» Exercise objective:
Return all of the data verbatim, dropping any picture.

» Dataset excerpt:

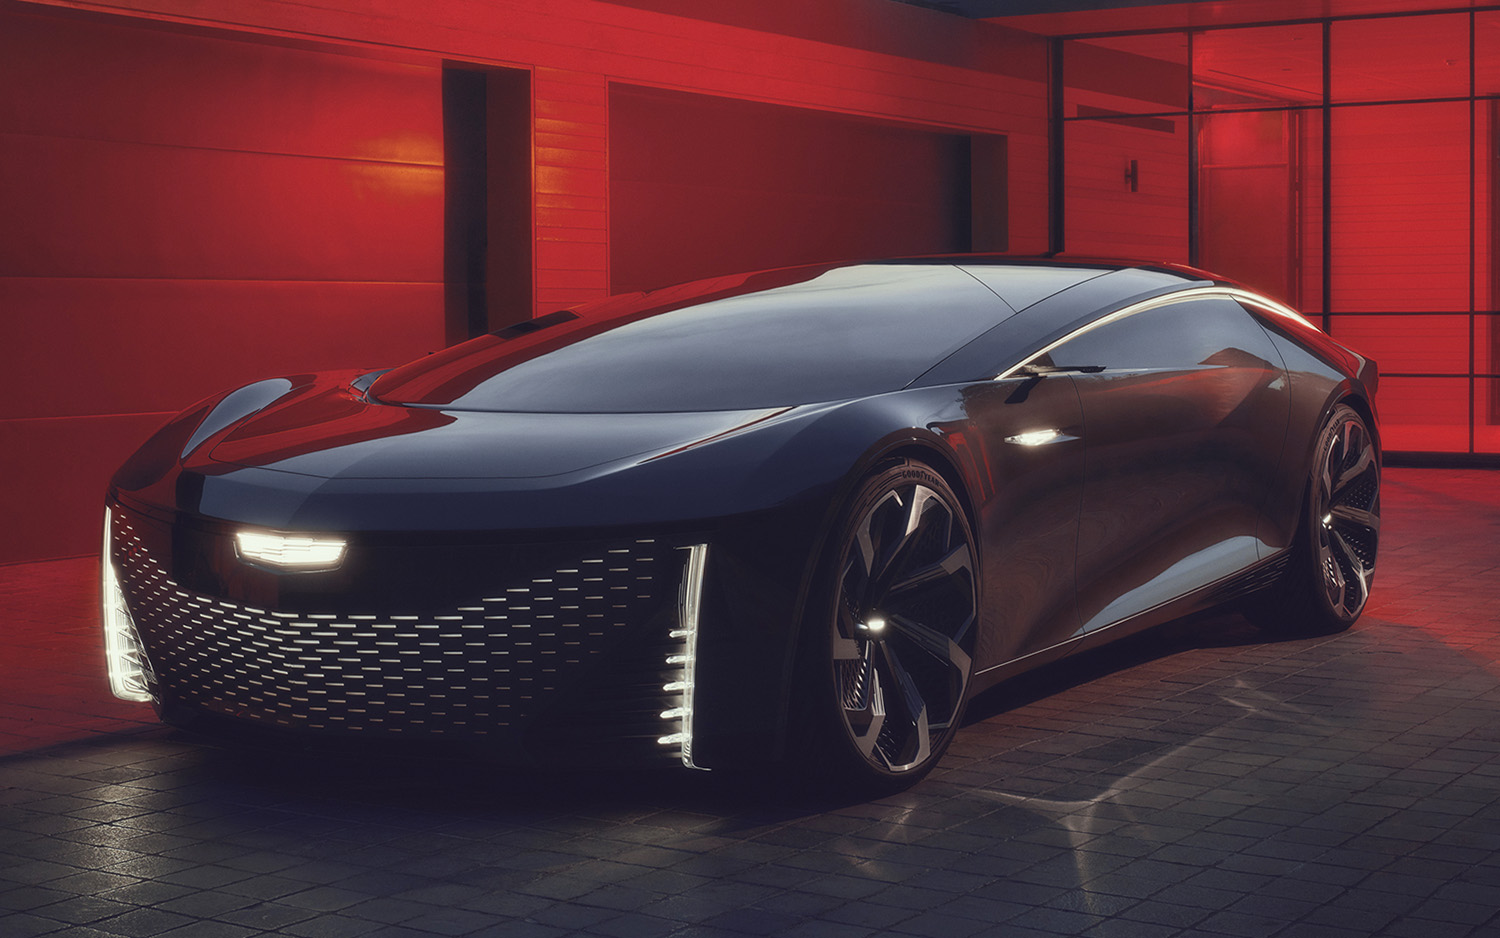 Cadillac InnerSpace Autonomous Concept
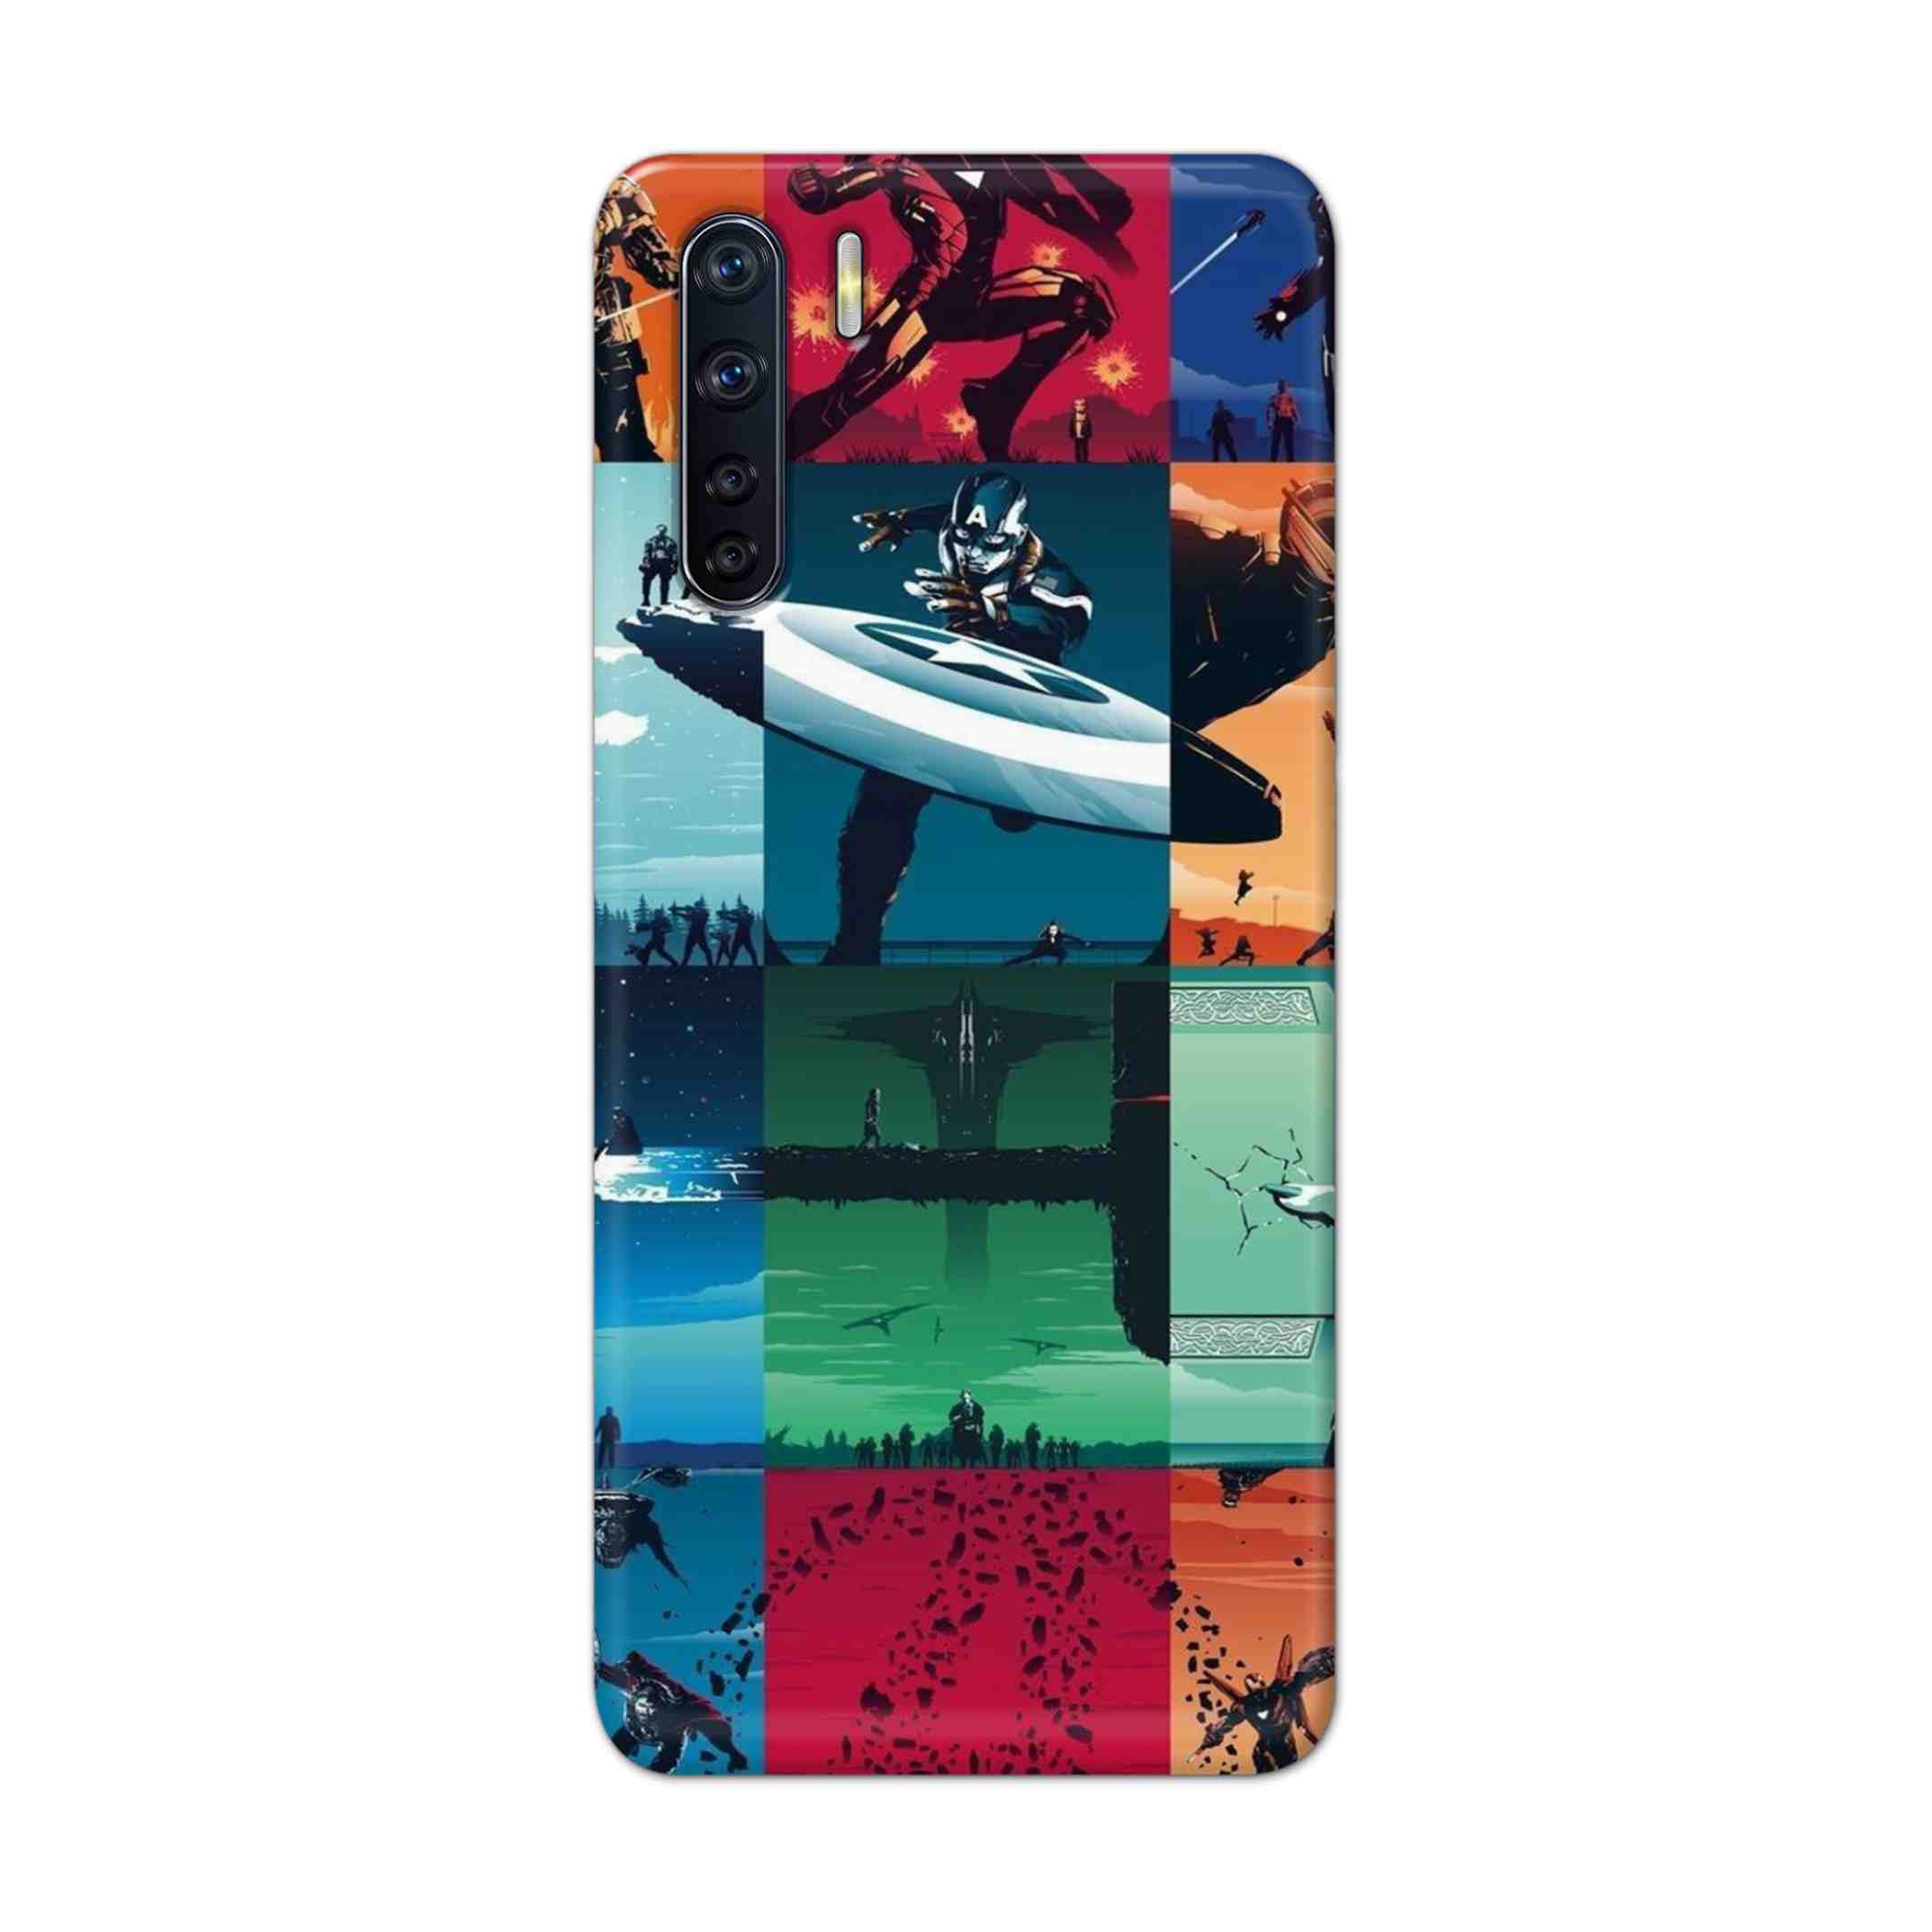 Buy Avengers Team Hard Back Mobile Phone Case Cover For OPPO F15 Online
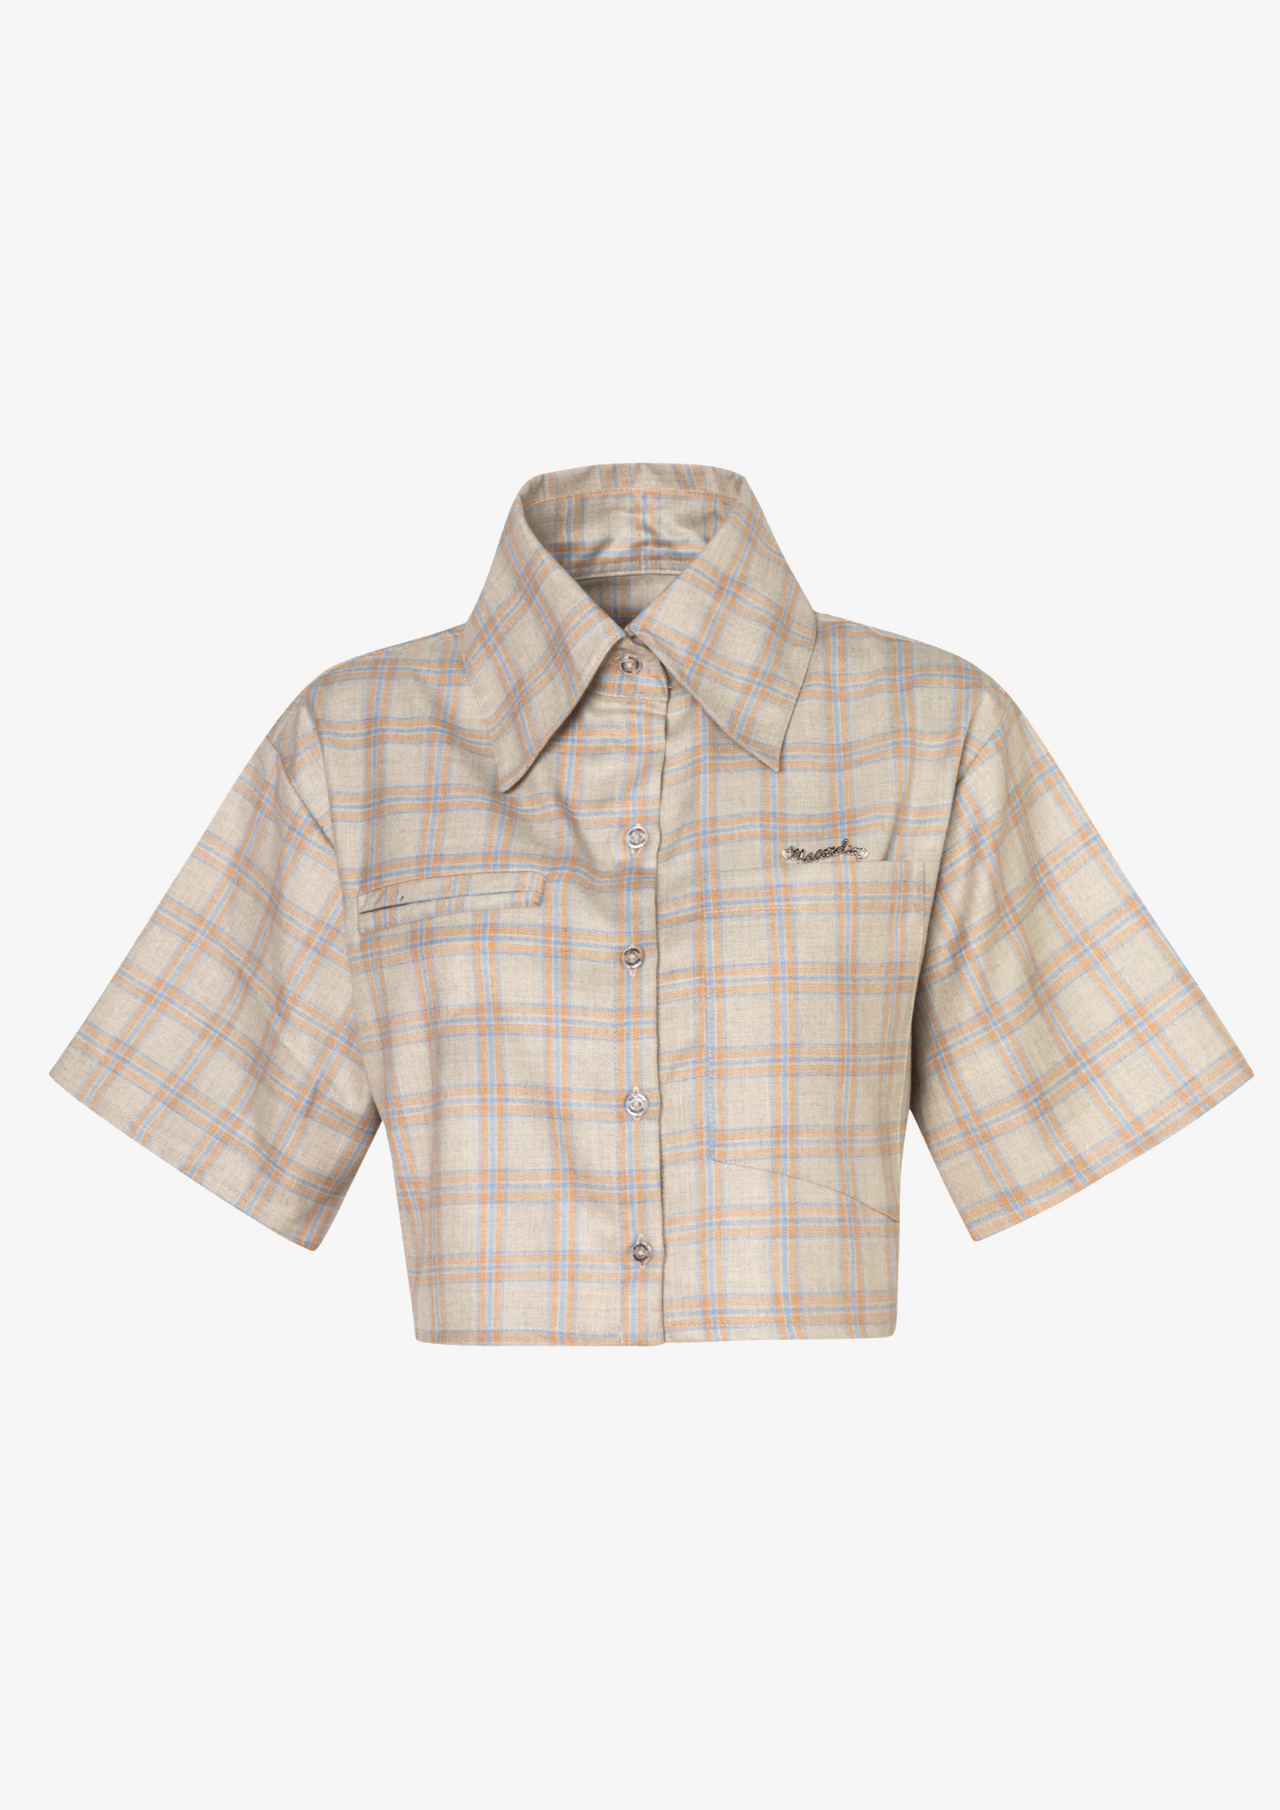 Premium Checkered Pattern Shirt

» Solution below:
 Cadillac InnerSpace Autonomous Concept
 Buy Avengers Team Hard Back Mobile Phone Case Cover For OPPO F15 Online
 Premium Checkered Pattern Shirt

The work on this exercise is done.